But it would be premature to conclude that China is abandoning its zero-tolerance approach, not least because no senior Chinese official has said as much publicly. Sun has said only that the fight against COVID-19 has entered a “new phase.” And Xi — with whom the decision ultimately rests — has remained conspicuously silent.

With little direction from above, local governments have adopted widely different policies. For example, though Shanghai’s municipal government has announced the easing of some rules — as of Dec. 5, a negative COVID test will no longer be required to take public transportation or visit parks — it has again shut down the recently reopened Disneyland.

Chinese leaders’ refusal to take a clear stance on zero-COVID is pure politics. The central government is reluctant to take responsibility for the decision, because policymakers do not want to be blamed for whatever surge in infections, hospitalizations and deaths follows a reopening. The new guidelines may be looser than what came before, but they do not necessarily represent an end to zero-COVID.

Local officials are playing politics, too. If they are relaxing pandemic restrictions, it is because they believe that doing so will serve their interests well enough to merit the risk to public health.
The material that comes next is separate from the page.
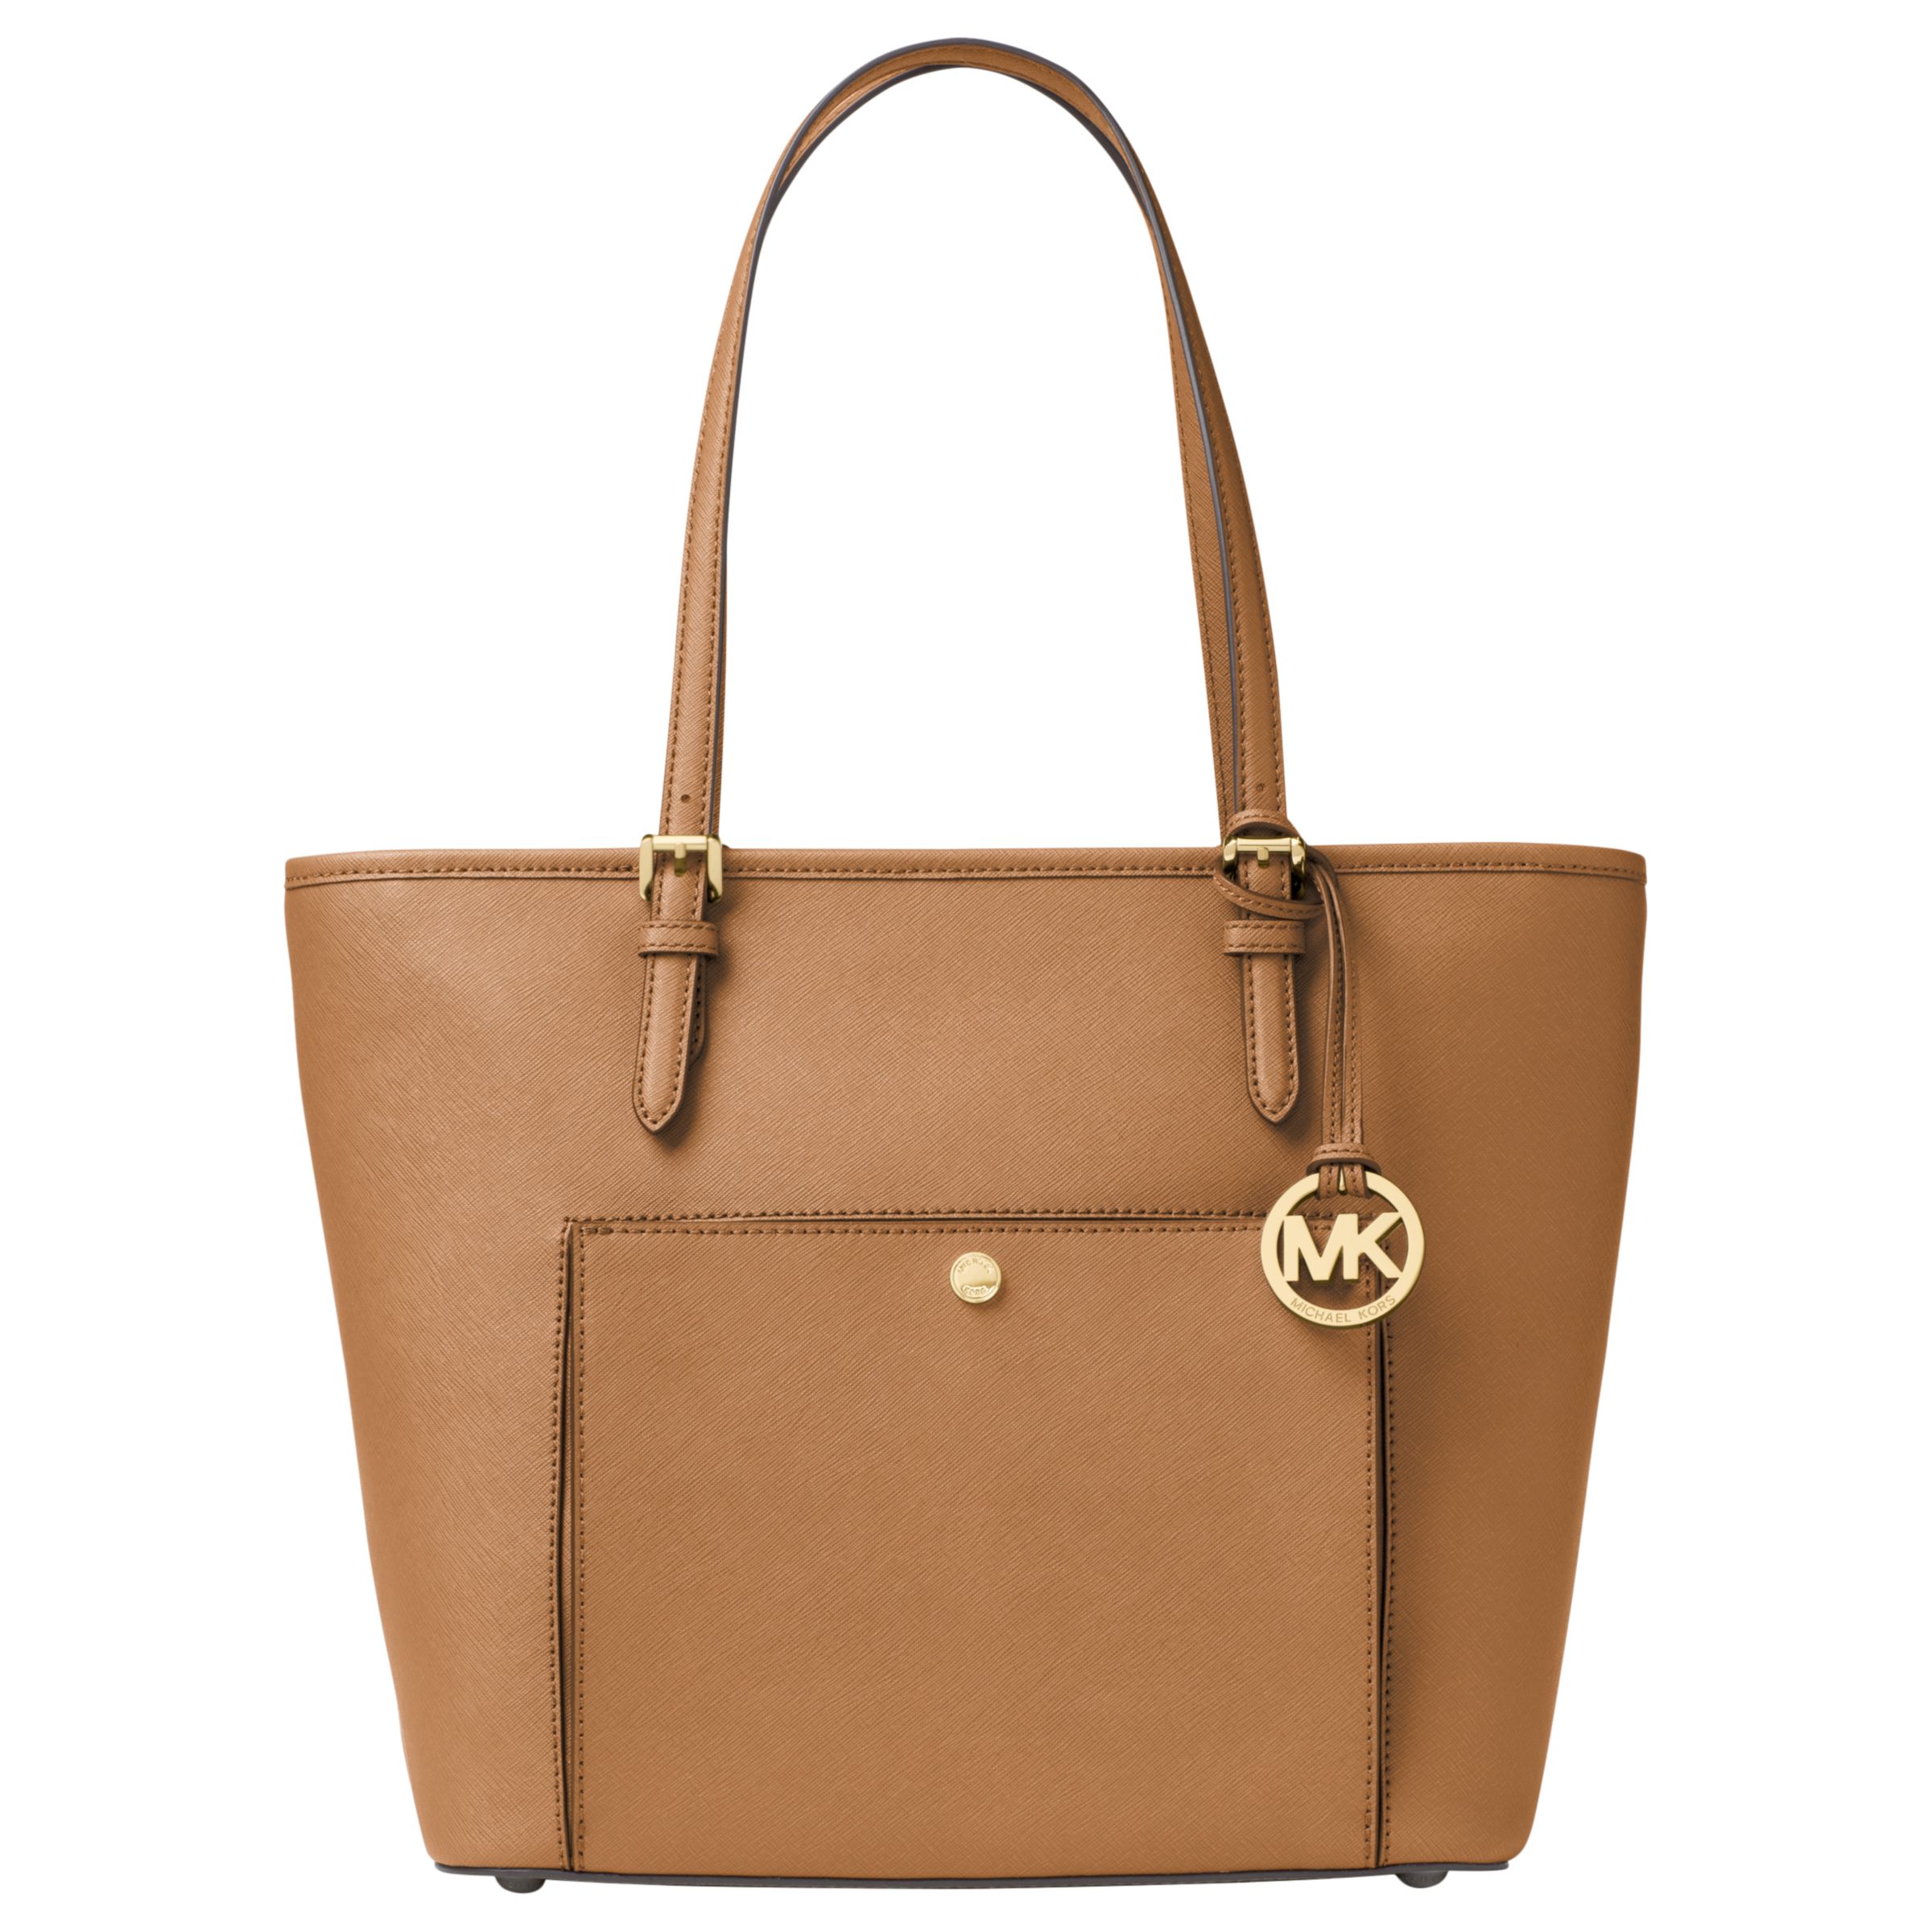 michael kors purse with front pocket

If they have stuck with harsher restrictions, it reflects their calculation that the immediate hit to their popularity would be dwarfed by the impact of becoming a scapegoat for any wave of cases.

Perhaps the clearest and most worrying evidence of the politicization of public health decisions is the Chinese authorities’ refusal to approve the more effective mRNA vaccines produced by Western companies. Though these vaccines would help to make a zero-COVID exit safer, especially for the currently under-vaccinated elderly, China’s leaders apparently view the use of Western vaccines as a blow to national pride and an admission of past mistakes.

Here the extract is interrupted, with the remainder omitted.